Я смотрел на них и старался узнать, жаловался на меня Афонин или нет.
— А вы мне нужны, товарищ Мелентьев, — сказал Мелешко, застегнув пиджак. — Хочу прибегнуть к вашему жизненному опыту. Точнее, к вашим познаниям о местной природе, несомненно богатым.
«Ну и говорит!» — подумал я. Невольно я поглядел, нет ли у него в руках календаря или бумажки с конспектом речи, какая бывает у докладчиков. Однако то, что я ему понадобился, меня обрадовало. Уж, конечно, познаний у меня побольше, чем у Афонина.
— Извольте, — сказал я.
— Зимой, в результате морозов, у берегов образуется лед, так называемый припай. Так ведь?
— Истинно, — кивнул я.
— Весной его отжимает от берега. Вопрос в том, насколько внезапно это может произойти?
Ах, вот оно что! Снасть его заботит, проклятая снасть, которую Арсений упустил в море. Зачем только хитрит Мелешко! Ладно, я тоже не простак — Куликова не назову и вида не покажу, что его судьба меня касается.
— От ветра зависит, — ответил я. — Иной раз и оглянуться не успеешь.

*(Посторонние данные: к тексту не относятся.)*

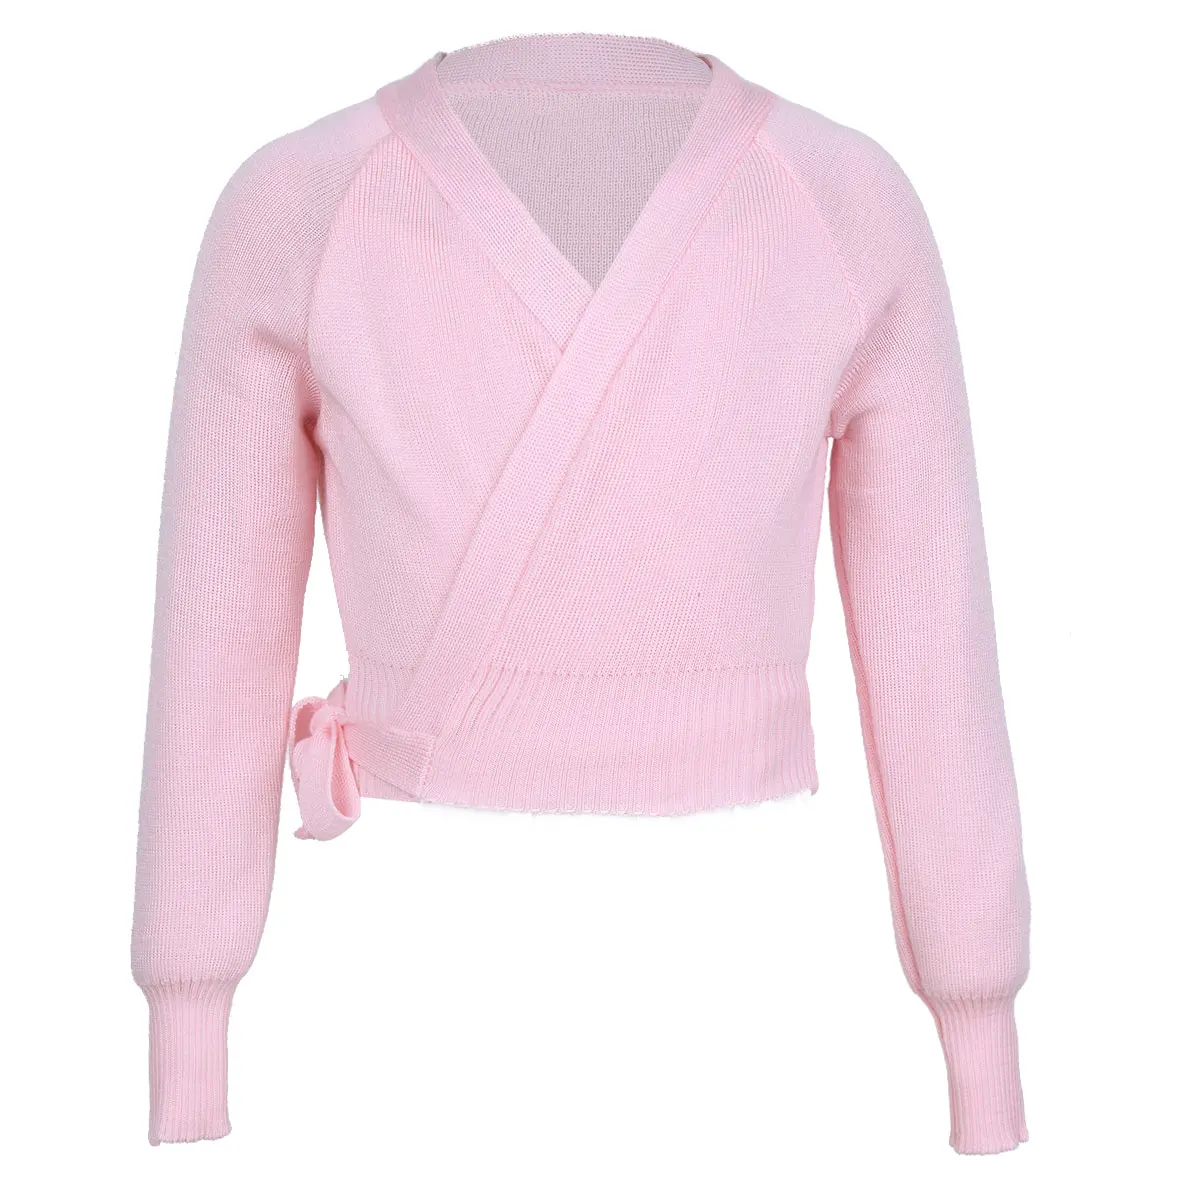 Aislor Kids Girls Wrap Knit Sweater Long Sleeves Ballet Dance Cover Up Gymnastic Jacket Cardigan

И не хочешь, а прозеваешь.
— А если хочешь, то тем более, — вставил Афонин, шевеля посиневшими губами.
Ведь продрог, продрог как собака, а не уходит! Не обойдемся без него! Непременно ему надо влезть в наш разговор!
— Нечего языком молоть зря, — оборвал я его. — Куликов мужик честный, не вор, не барышник. У нас на что дед Силантий был мудрец, сколь часто он зверобоев выручал, выводил на берег, а и тот ошибался…
Сказал и умолк. Эх, черт, помянул таки Куликова! Вот он, репей-то, под языком!
Афонин нагнул голову — словно боднуть собрался — и шагнул к Мелешко, волоча по песку простыню.